Current guidelines recommend complete revascularization in patients with ST-elevation MI (STEMI) and MVD as opposed to culprit lesion only revascularization [7]. For patients with non-ST segment elevation ACS (NSTE-ACS), revascularization of the non-infarct related arteries (IRAs) is recommended according to individual patient characteristics [8]. Furthermore, the timing of non-culprit vessel percutaneous coronary intervention (PCI) is debated, with a few randomized controlled trials (RCTs) and then meta-analysis showing higher risk of mortality if revascularization of non IRAs was performed at the index procedure in STEMI, as compared with staged revascularization at a later date after the index PCI [9]. This resulted in class I recommendation of staged multivessel PCI in patients with STEMI and MVD, with consideration of complete PCI during the index procedure only in patients with low-complexity MVD (class IIb) [7].

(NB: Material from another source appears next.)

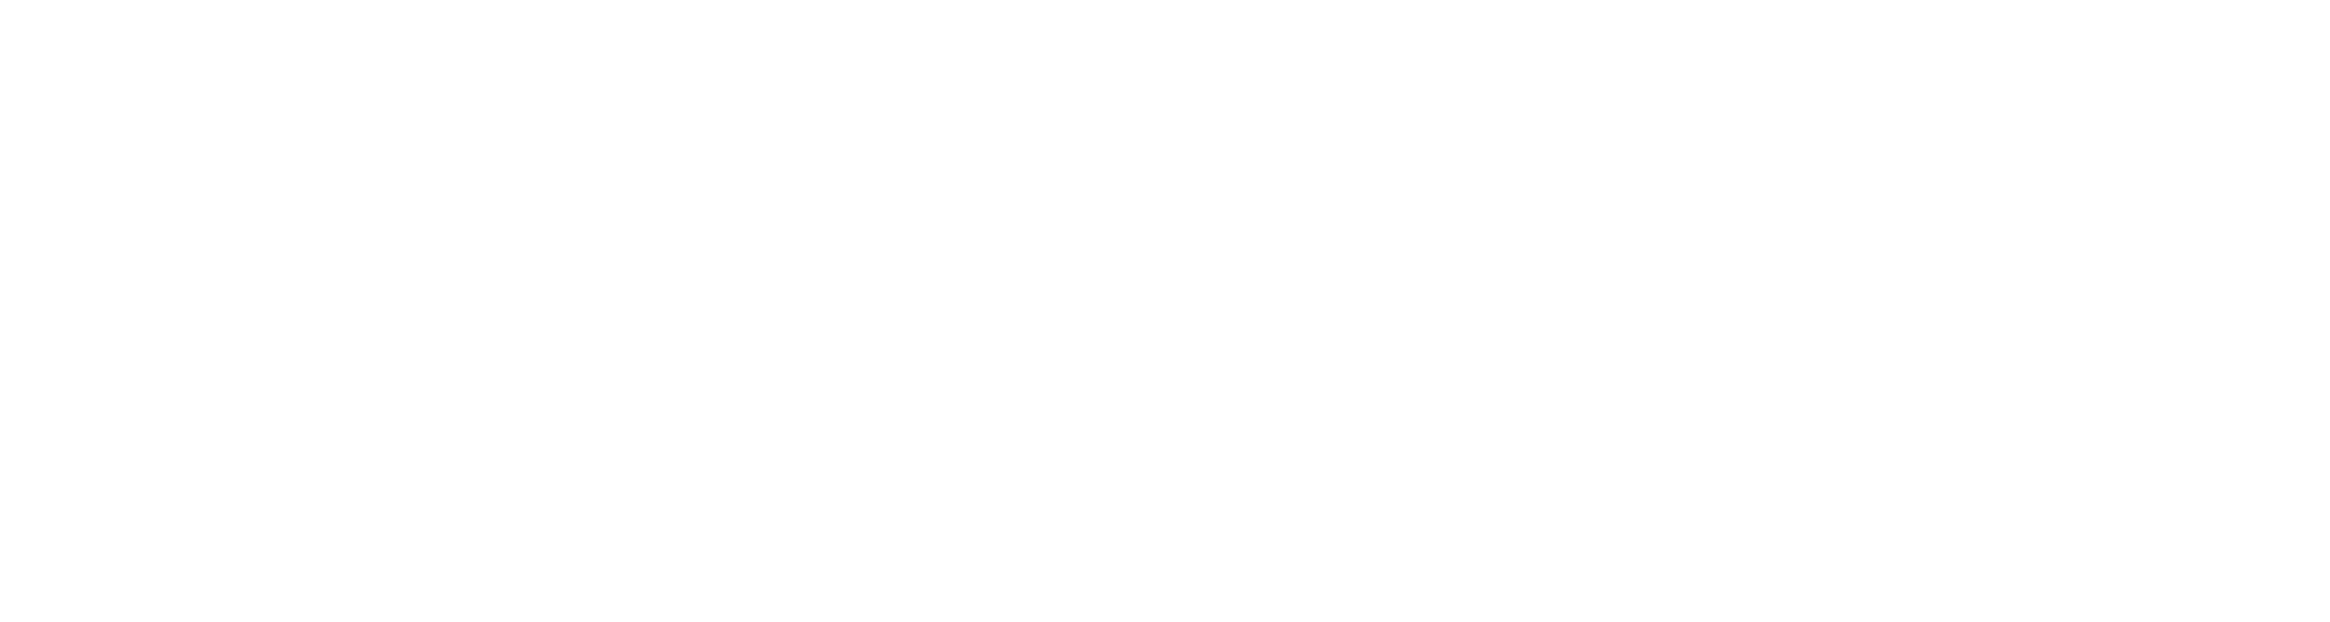 Copy of Wonderland-Logo-Coworking-white

Recently, previous evidence has been challenged by a large RCT by Diletti et al. that has shown immediate complete PCI may be associated with reduced risk of MI and revascularization as compared with staged complete PCI among patients with STEMI or NSTE-ACS [10]. Due to these conflicting findings, we aimed to perform meta-analysis of all the RCTs till date comparing the two complete revascularization strategies (immediate vs staged) in patients with ACS.

2. Methods

We searched multiple online databases, including MEDLINE, Pubmed, Cochrane and Embase, for RCTs published since inception until September 1, 2023 using search terms such as ‘complete PCI’, ‘multivessel PCI’, ‘staged PCI’, ‘STEMI’, and ‘NSTE-ACS’ in various combinations. The inclusion criteria were RCTs comparing immediate complete PCI vs staged complete PCI in patients with ACS and MVD, and studies reporting at least one clinical endpoint of interest. Post-hoc analyses of previous RCTs, non-randomized studies and trials evaluating complete vs culprit lesion only PCI were excluded.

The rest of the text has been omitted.